I always thought I knew something about this. Diving deep into it, realizing I literally had no clue what I was trying to do.
It is very similar to dating. It needs to be a perfect fit. It needs to be submerged totally into the situation to be able to commit. To make it work. Otherwise, it will suck you dry or overflow with emotion.
That was me and my hot date tonight…
With a plunger.
I swear I knew how to use one.
After living on my own for a few years and my hubby traveling sometimes more than being home, I assumed I used one on occasion.
Not the case after scouring countless websites and DIY videos. After running to Lowe’s with my two little ones to buy a snake just in case my final attempt at plunging failed yet again.
On top of my fears of not being able to fix not one but TWO clogged toilets, I began my usual ranting and raving and discovered that my kids MAY have been throwing kitty litter in the one toilet from the litter boxes…
Well, well, well…
Needless to say when I googled that topic, it was not a good outcome.

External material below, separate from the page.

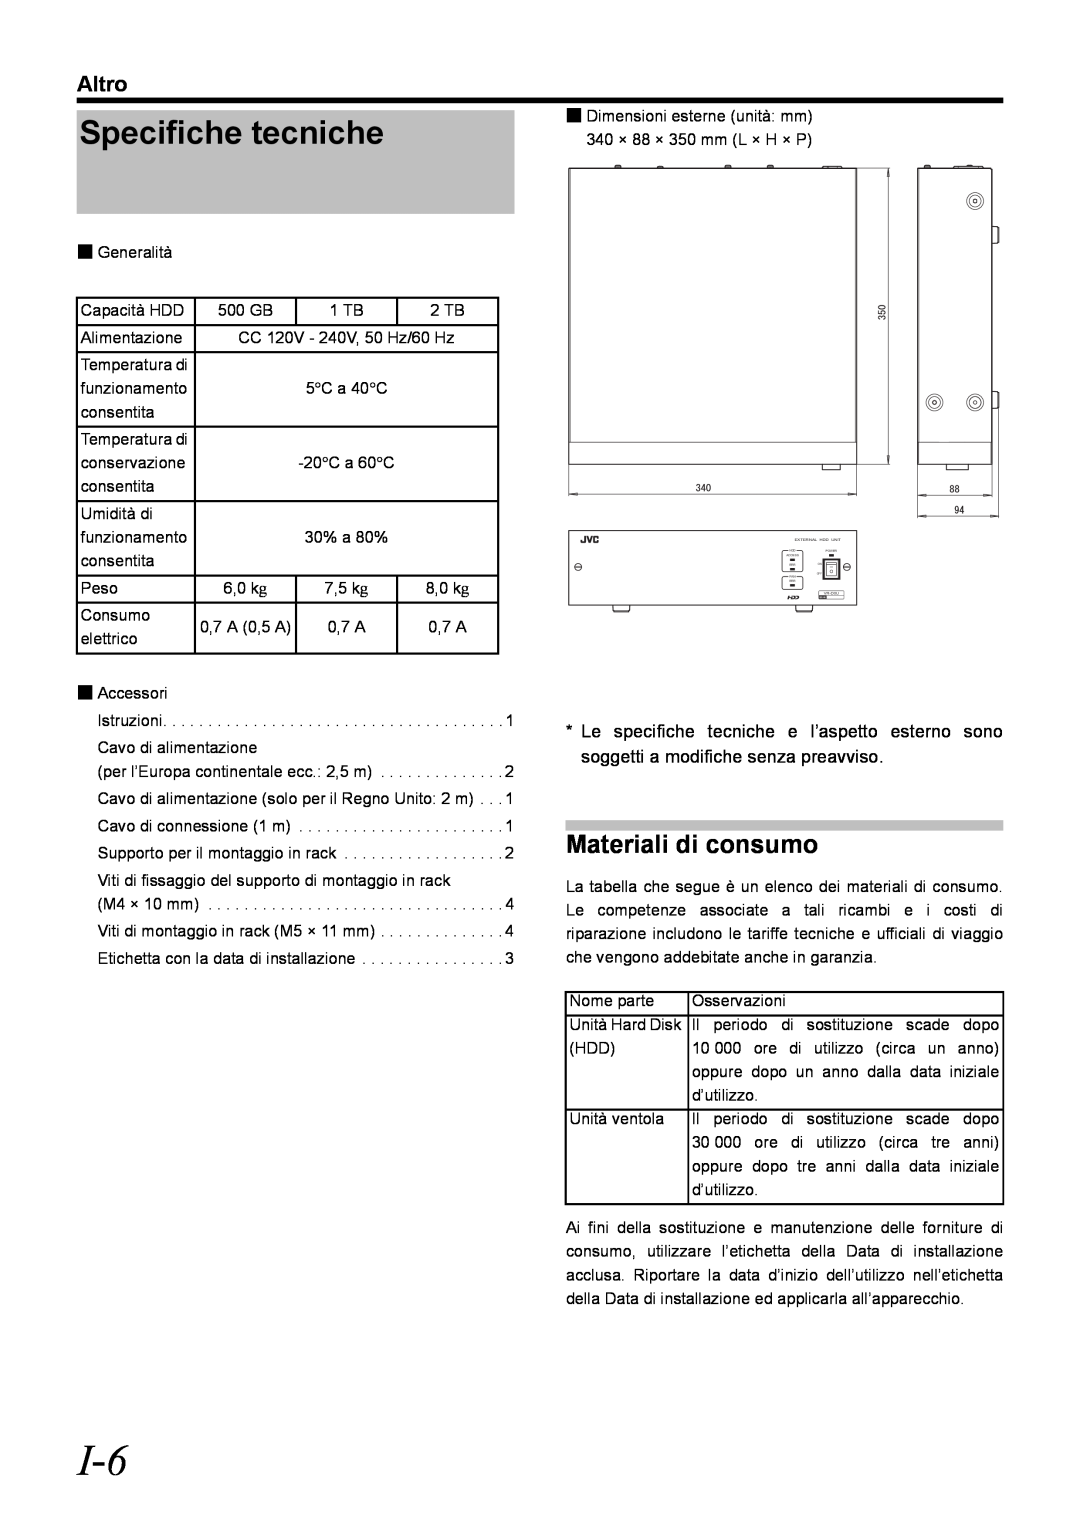 JVC VR-D0U manual Specifiche tecniche, Materiali di consumo, Altro

And the young kind fella in Lowe’s who led me to the snakes, looked bug-eyed and pursed his lips…then reiterated what I had already read online…
Very expensive…and may need to pull the toilet out.
Not this mama.
I scanned the internet some more on the how-to’s of using a snake, put my Supermom cape on and used my ten-dollar snake till I conquered both toilets.
Messy. Gross. Disgusting.
Don’t think we should ever compare dating to the act of plunging a toilet…maybe some marriages or relationships and friendships after they run their course…but not dating. They may seem similar, but I may be a tad on the grumpy side tonight after the events of my day (while the hubby is on yet another trip…not just for Utah anymore-see blog regarding Utah), so don’t take dating advice from me.
But if you are on a date and you are thinking this person may just suck the life out of you, then run. Or call a plumber…he could just be what you were always waiting for!